27 de diciembre de 2007

amor carnal

Fotografía de Zoëtrix

Una mañana de mayo, al entrar en el vagón del metro camino de mi oficina, me sorprendió la imagen de una libélula enorme que leía el periódico. Estaba sentada en el asiento central de una fila de tres, con las alas extendidas hasta ocupar las dos plazas colindantes, mientras los demás, apretujados, nos esforzábamos por no perder el equilibrio asidos a la barra del techo. No se trataba de una libélula más, de las que revolotean por encima de charcas y estanques, de las que aparecen retratadas en libros infantiles o tatuadas en la espalda de alguna que otra adolescente díscola, ésta era especial: sabía leer.
Lo segundo que llamó mi atención fue que no se trataba de un periódico gratuito, de esos que reparten en la puerta de la estación, era uno de tirada nacional y venta en los quioscos, de los que cuestan un euro. Y me pregunté, ¿dónde guardará el dinero este bicho? ¿Habrá robado el diario? ¿Desde cuándo saben leer las libélulas?
Entre pregunta absurda y respuesta vacía, había llegado a mi destino sin darme cuenta. Un par de codazos y dos porfavores me permitieron acercarme despacio hasta la puerta, desde donde me giré para echar un último vistazo a aquel insecto descomunal, pero ya no estaba. Había dejado el periódico perfectamente doblado sobre el asiento y se había colocado a mi espalda —gracias al hueco dejado por un grupo de quinceañeras uniformadas—, batiendo con suavidad unas alas de casi medio metro de envergadura, que hacían un ruido monótono y punzante, parecido al de los helicópteros que sobrevuelan Madrid.

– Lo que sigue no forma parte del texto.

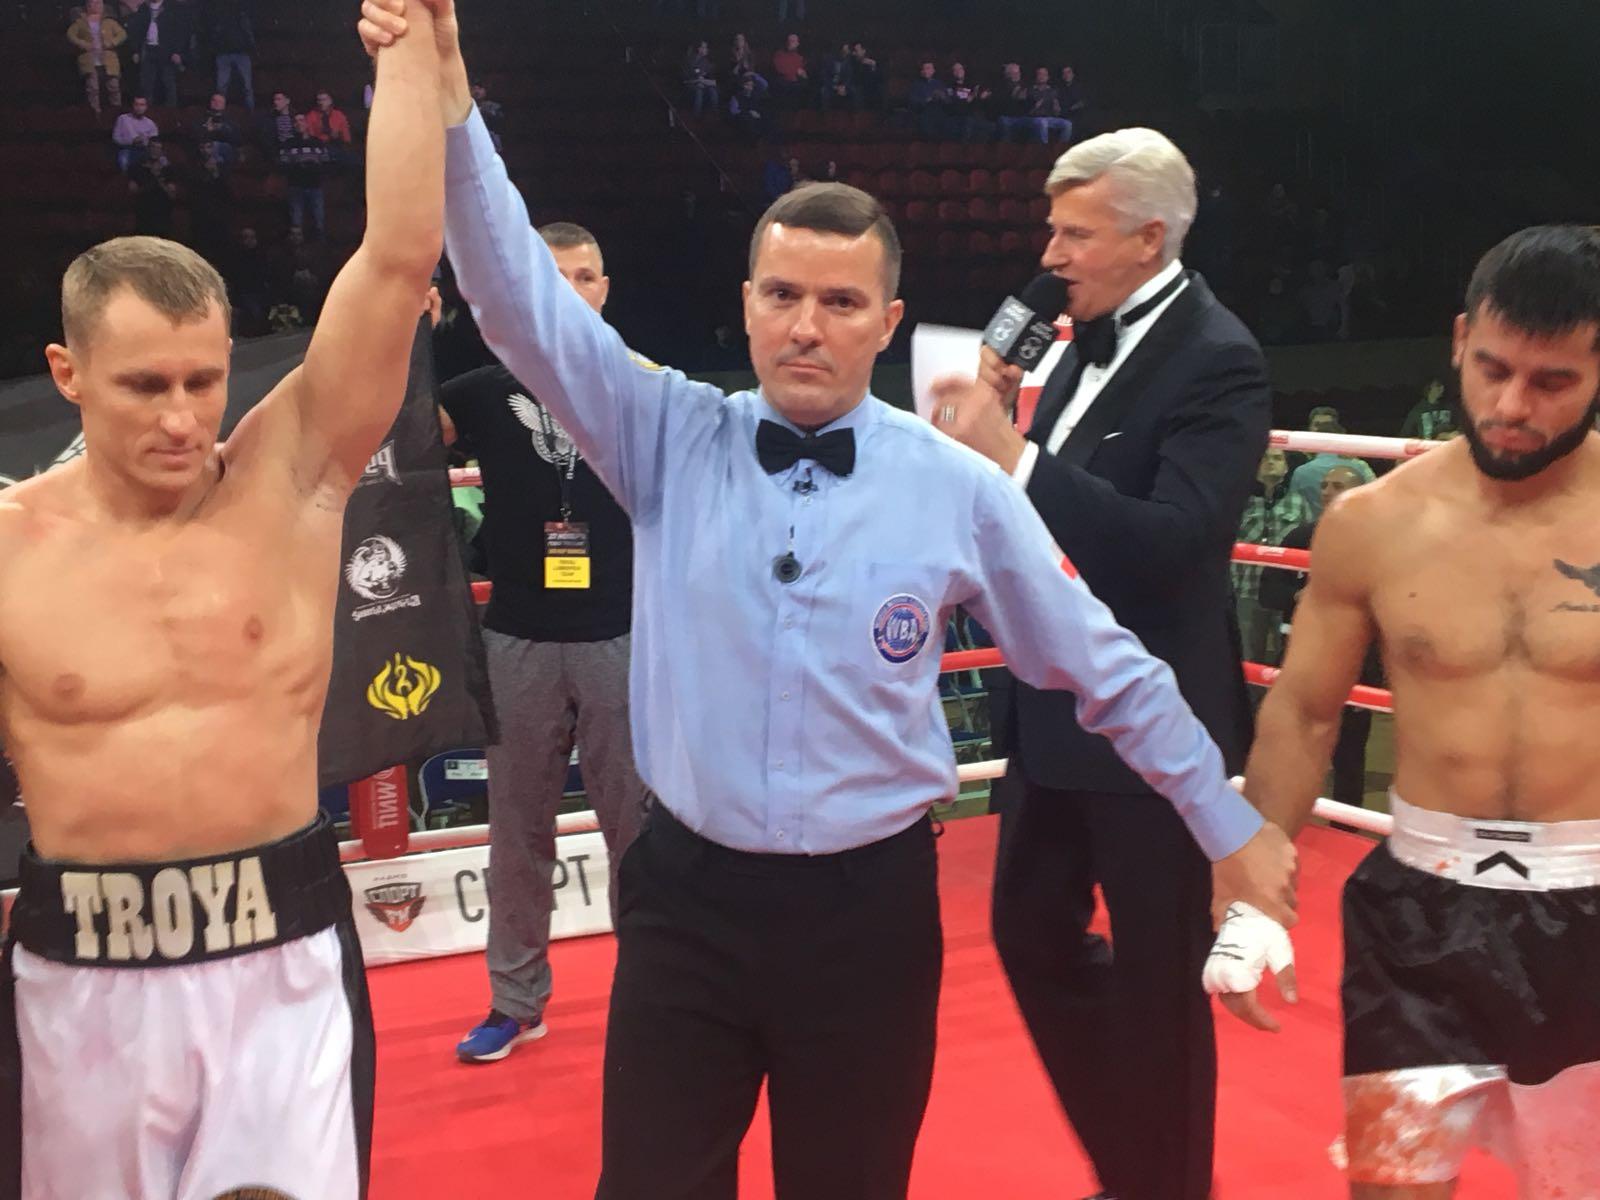 Troyanovsky beats Portillo in elimination bout

Ese zumbido me acompañó hasta la puerta principal del edificio de oficinas en el que trabajo, franqueó sin problemas el torniquete de control de acceso y se dirigió hacia los ascensores esperando —entonces yo aún no lo sabía— mi llegada.

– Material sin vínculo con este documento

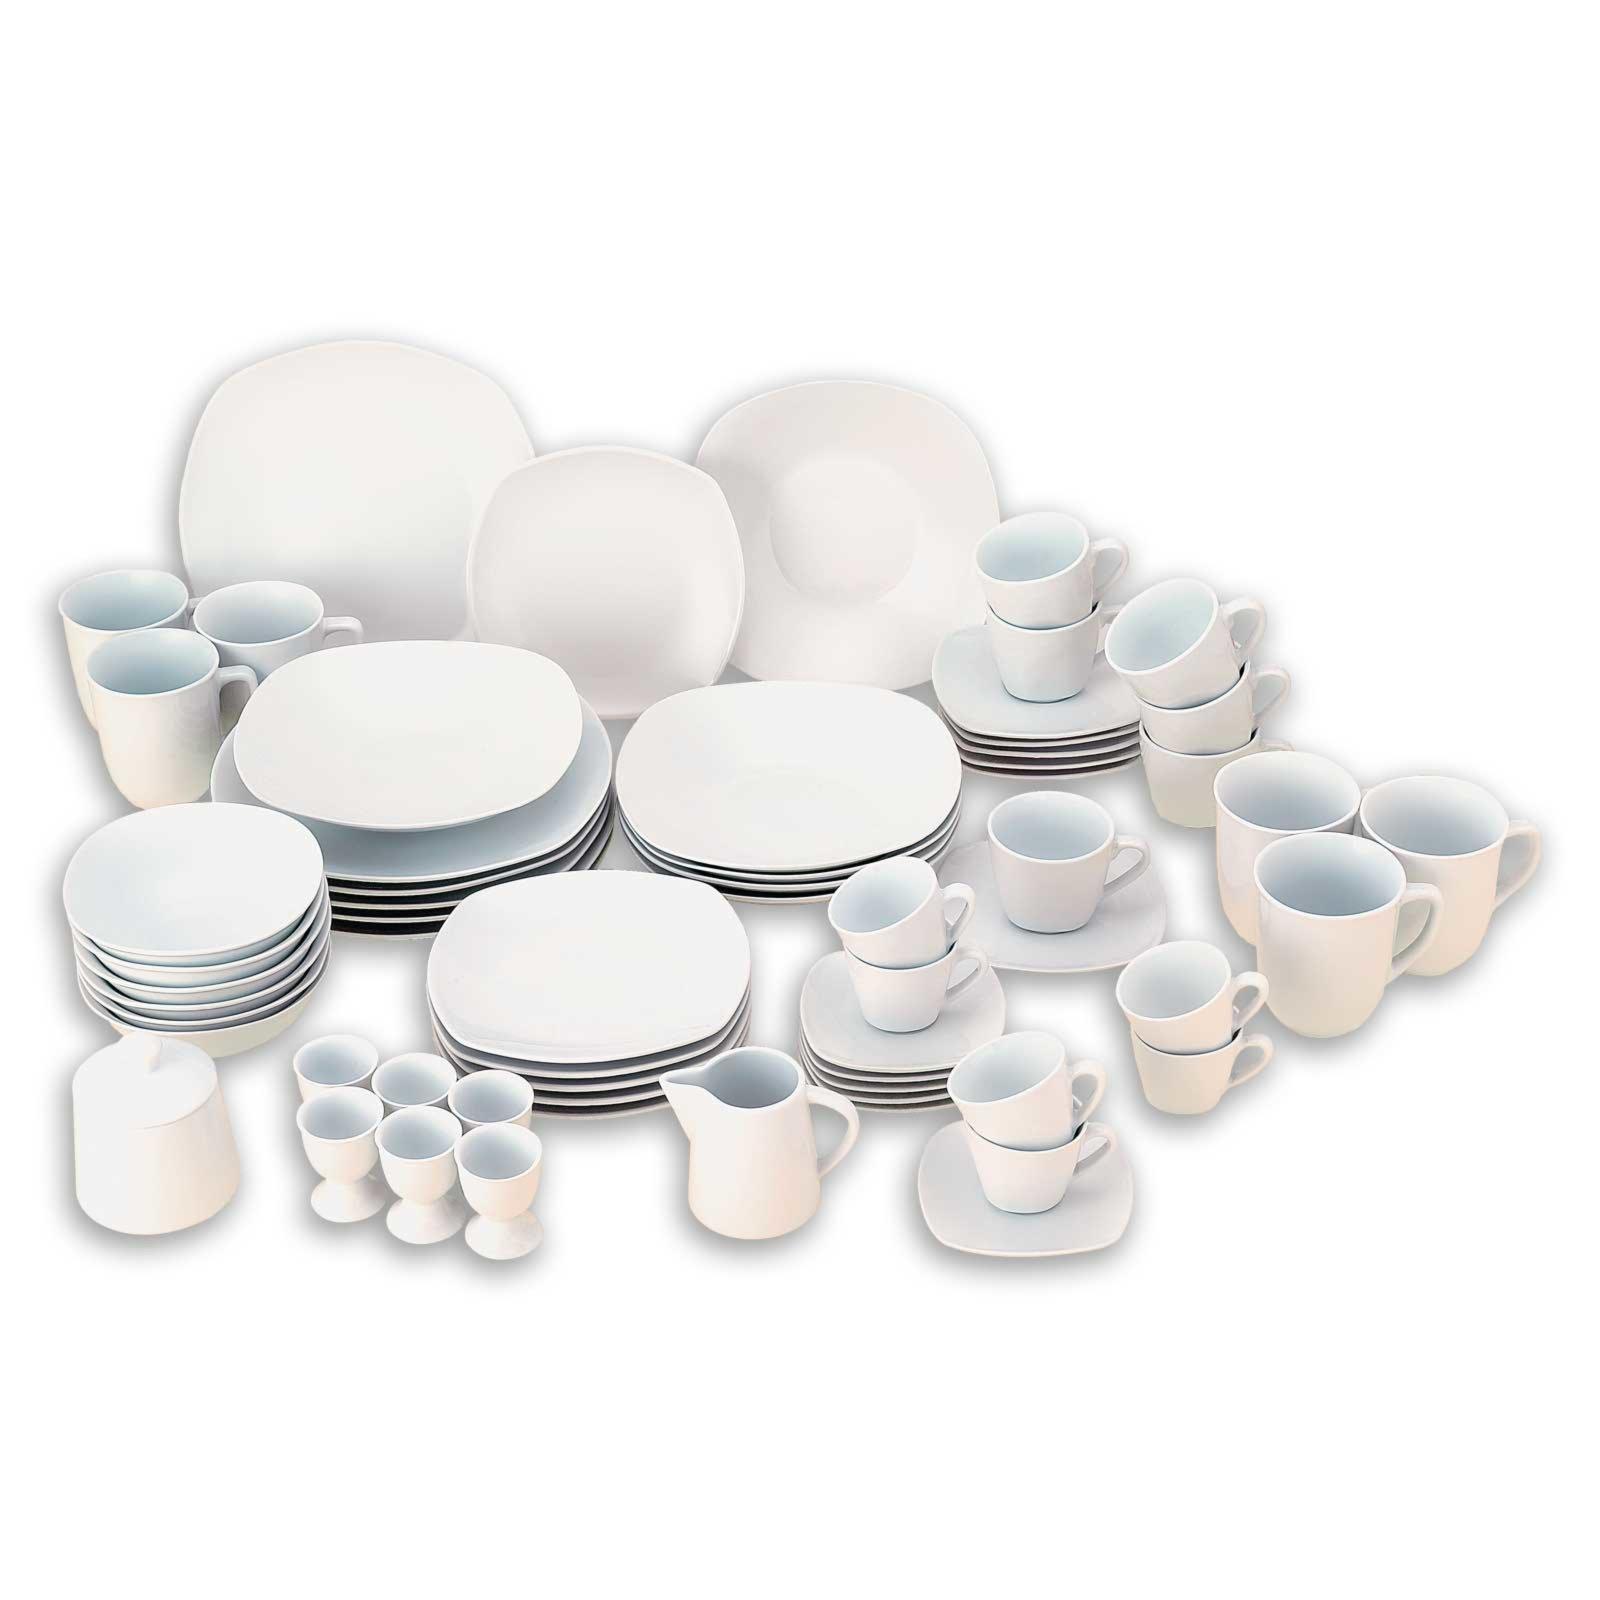 Weisses Geschirr Awesome Untertasse Keramik Teller Geschirr Material Produkt Porzellan Dishware

Carmen —así como dijo llamarse más tarde— salió conmigo del ascensor en la planta diecisiete, siguió mis pasos hasta la puerta de mi despacho y al fin, cuando la curiosidad venció al miedo y me atreví a mirarla fijamente, comprobé encantado que me sonreía. Igual que me ha sonreído esta mañana mientras sobrevolaba nuestra cama.

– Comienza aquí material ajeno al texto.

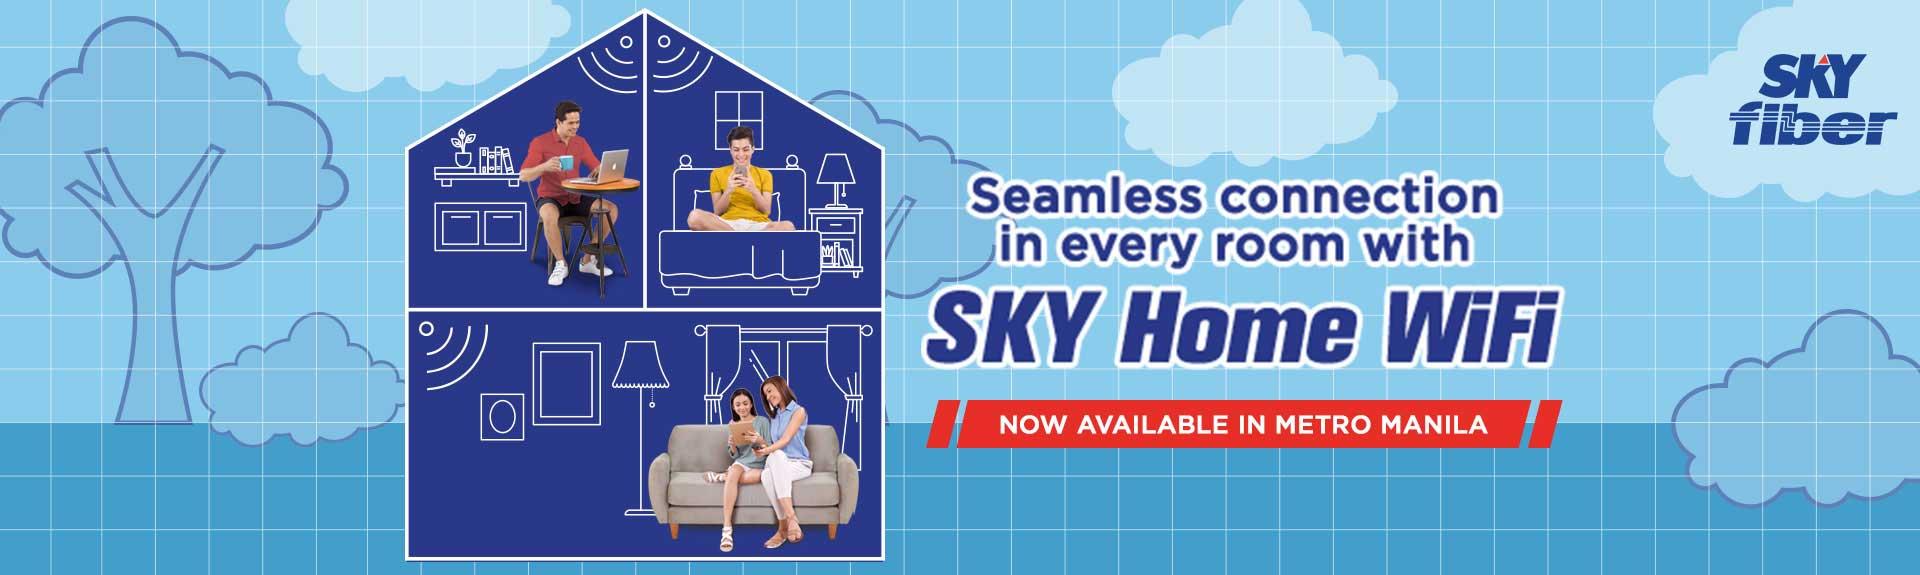 SKY Home

Mis padres, al principio, disimularon con torpeza su malestar ante esta extraña relación amorosa, pero no pudieron —no supieron, tal vez— reprimir el asco ante la visión de su primer nieto alado. Tampoco en la maternidad se esforzaron por fingir aprecio hacia mi primogénito; incluso una de las enfermeras se atrevió a calificarlo de engendro. Carmen la oyó desde su habitación, seis plantas más abajo, y aunque ya habíamos discutido antes sobre sus costumbres antropófagas, no pudo evitar matarla. Ni comérsela.
Debería haberle puesto remedio antes, lo sé, y oportunidades tuve para hacerlo, pero al principio, como entre enamorados se perdonan con placer casi todos los mordiscos, pues te dejas hacer. Y los pájaros, los ratones y hasta los insectos, bien mirados, llegan a parecerte apetecibles cuando te los ofrece tu amada.
Quizá cuando la encontré en el patio trasero devorando al gato persa de la vecina, podría haber adoptado una actitud más contrariada, como si de verdad me estuviera molestando. Y sobre todo, flaqueé aquella vez en la que arrancó de cuajo el brazo izquierdo de un urbano que pretendía multarla y se lo empezó a comer en plena calle. Sé que ahora ya es tarde para lamentos.
Cada mañana, cuando la veo salir con los tres pequeños por encima de la valla, en perfecta formación de caza, alzando después el vuelo en círculos concéntricos perfectos —mamá en el más exterior, controlando la evolución de los cachorros que juegan a hacer espirales cuando creen que ella no les ve—, solo espero que mis alas terminen de desarrollarse cuanto antes.